Fun, Fun facts – in fact… they are Super Fun Facts!
- 6.9 on IMDb, 81% on Rotten Tomatoes critics, 85% audience score!!!
- $125 M budget, $92.9 M US gross, $181.1 M worldwide gross
- This movie had been in development since 2010. Tom Cruise, Keanu Reeves, Nicolas Cage, Jason Statham, and Dwayne Johnson were all eyed to play Colt Seavers over the years.
- Ryan Gosling has a fear of heights, but still did the 150-foot fall at the beginning of the movie.
- Ryan Gosling also has EIGHT stunt doubles
- With 8.5 car rolls called the cannon roll and on the second try, the stunt team for this movie broke the Guinness World Record of the most car rolls, (a fact which Gail actually mentions in the dialogue).
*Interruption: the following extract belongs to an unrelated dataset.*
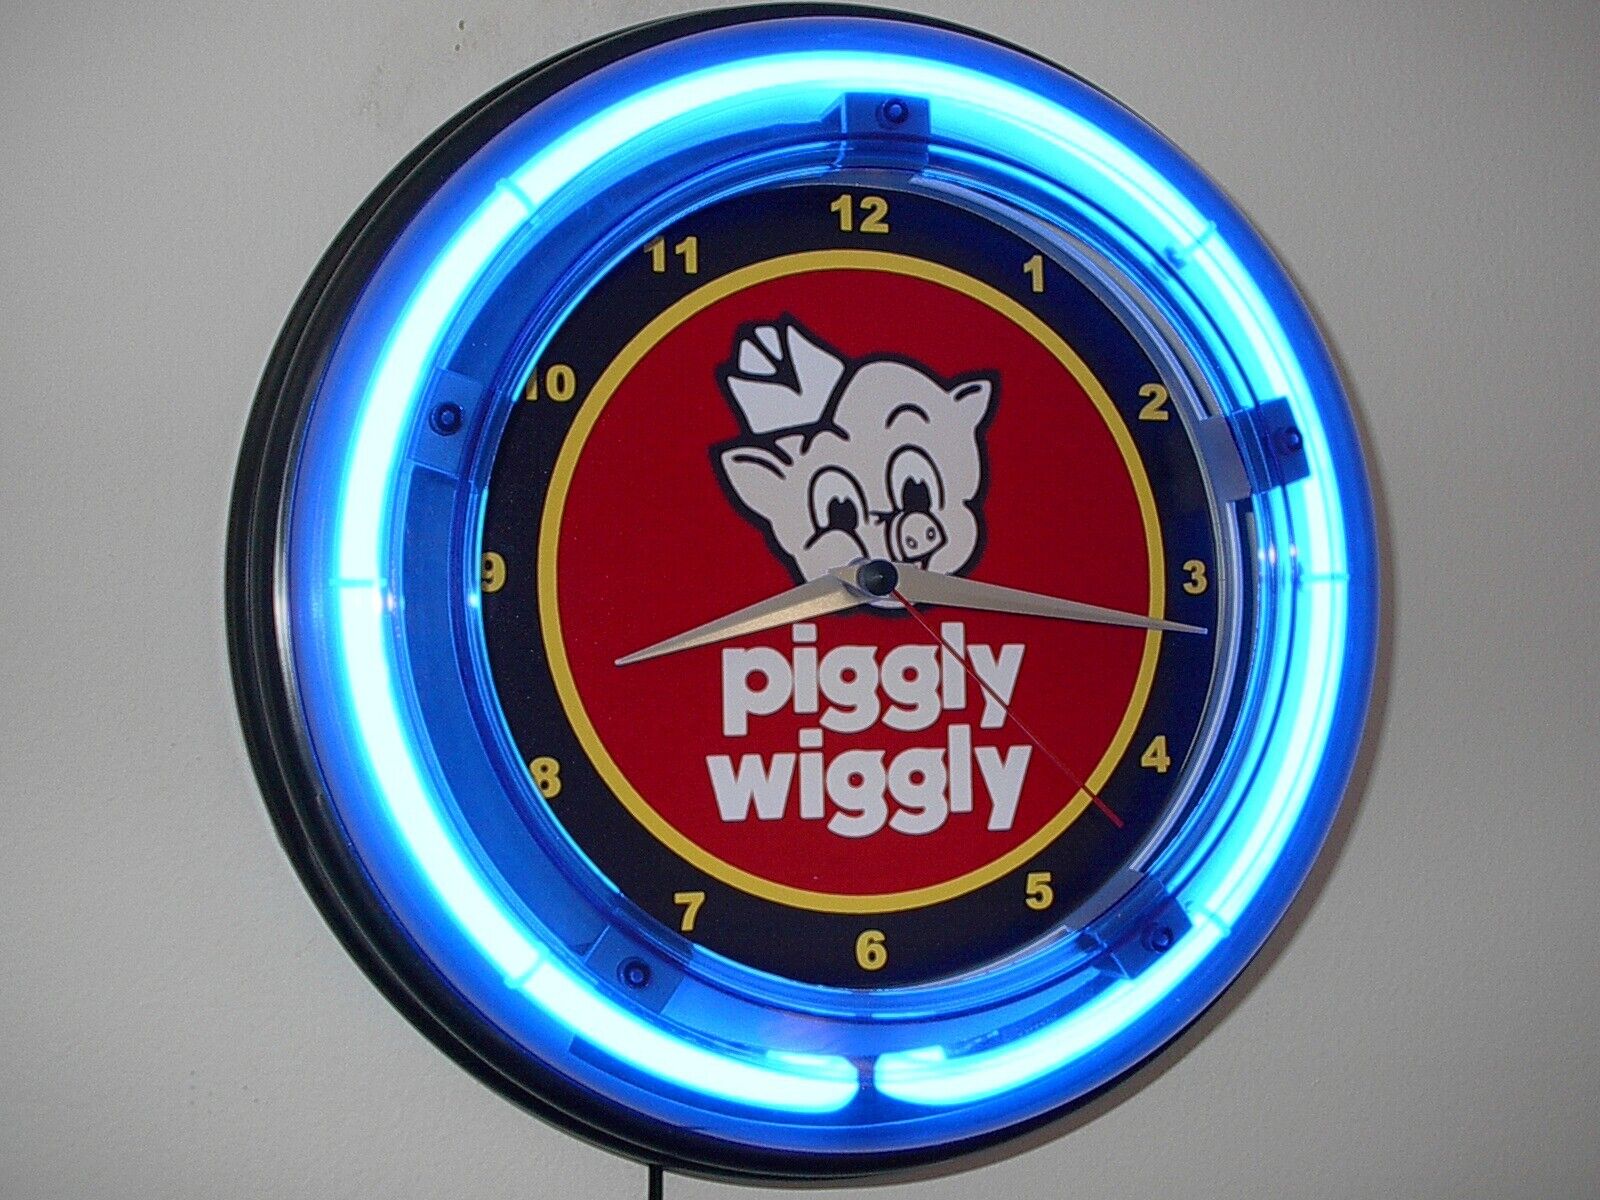 Piggly Wiggly Pig Grocery Store Advertising Kitchen Diner Neon Wall Clock Sign

- The film-within-a-film Metalstorm was heavily inspired by the real film Metalstorm: The Destruction of Jared-Syn (1983). The entire concept, costumes and desert setting and car based stunts are right from Charles Band’s film which has been described as “Star Wars meets Mad Max.” The tagline, “It’s High Noon at the End of the Universe” is used for the movie within is also the tagline from the 1983 film as well as for the Full Moon Entertainment production Oblivion 2: Backlash (1996).